Akkaya (2017) çalışmasında, Türkiye’nin 5 yıl vadeli CDS primi ile diğer makroekonomik değişkenler arasındaki ilişki regresyon kurularak incelenmiş, regresyon analizi sonuçlarına göre CDS primleri ile BİST getiri endeksi, ihracatın ithalatı karşılama oranı, altın fiyatları, ABD doları cinsinden tahvillerin arasında nedensellik tespit etmiştir.

Sabkha, Peretti ve Hmaied (2017), Avrupa borç krizi ve küresel finansal kriz dönemlerini içeren 01.2006-04.2014 tarihleri arasındaki tahvil piyasası ve CDS piyasası arasındaki oynaklık yayılımı üzerine çalışmıştır. Çalışmalarında örneklem olarak farklı ekonomik gelişmişlik seviyesine sahip 33 ülke verilerinden yararlanmışlardır. Granger nedensellik testinin uygulandığı modellerde CDS verilerinin 16 ülkede tahvil piyasasının Granger

nedeni olduğu, diğer taraftan tahvil piyasasının sadece 9 ülkede CDS piyasasının Granger nedeni olduğu sonucuna ulaşmışlardır. 4 ülkede ise iki yönlü nedensellik ilişkisi bulunduğu sonucuna ulaşmışlardır.

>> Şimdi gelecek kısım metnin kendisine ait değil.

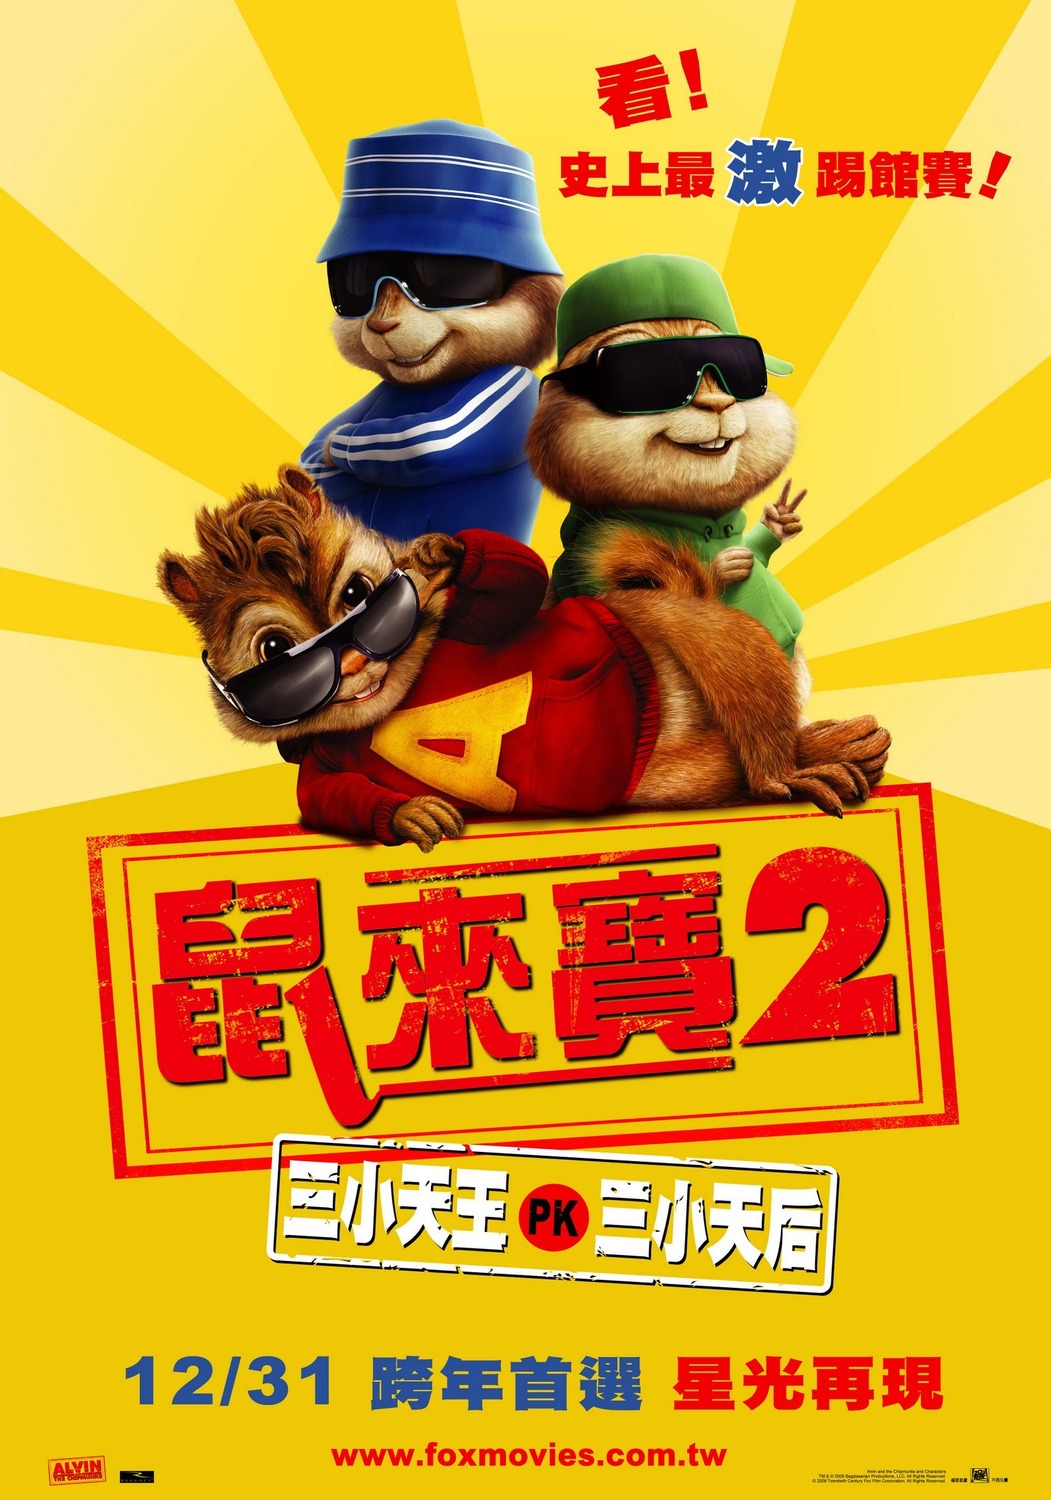 Extra Large Movie Poster Image for Alvin and the Chipmunks: The Squeakquel (#4 of 14)

Ayrıca söz konusu değişkenler arası ilişkinin kriz dönemlerinde daha yoğun olduğunu öne sürmüşlerdir.

Akkuş, Sakarya, Tüzün (2018), Türkiye’nin 5 yıllık tahvil getirileri ile 5 yıllık CDS primleri arasındaki ilişkinin ve aralarında oynaklık yayılım etkilerinin bulunup bulunmadığının ortaya konulması amacıyla yaptıkları çalışmada, CDS primleri ile tahvil faizleri arasında yüksek düzeyde pozitif korelasyon olduğu ve CDS primlerindeki oynaklığın tahvil oynaklık yayılımına aktarıldığını ifade etmişlerdir.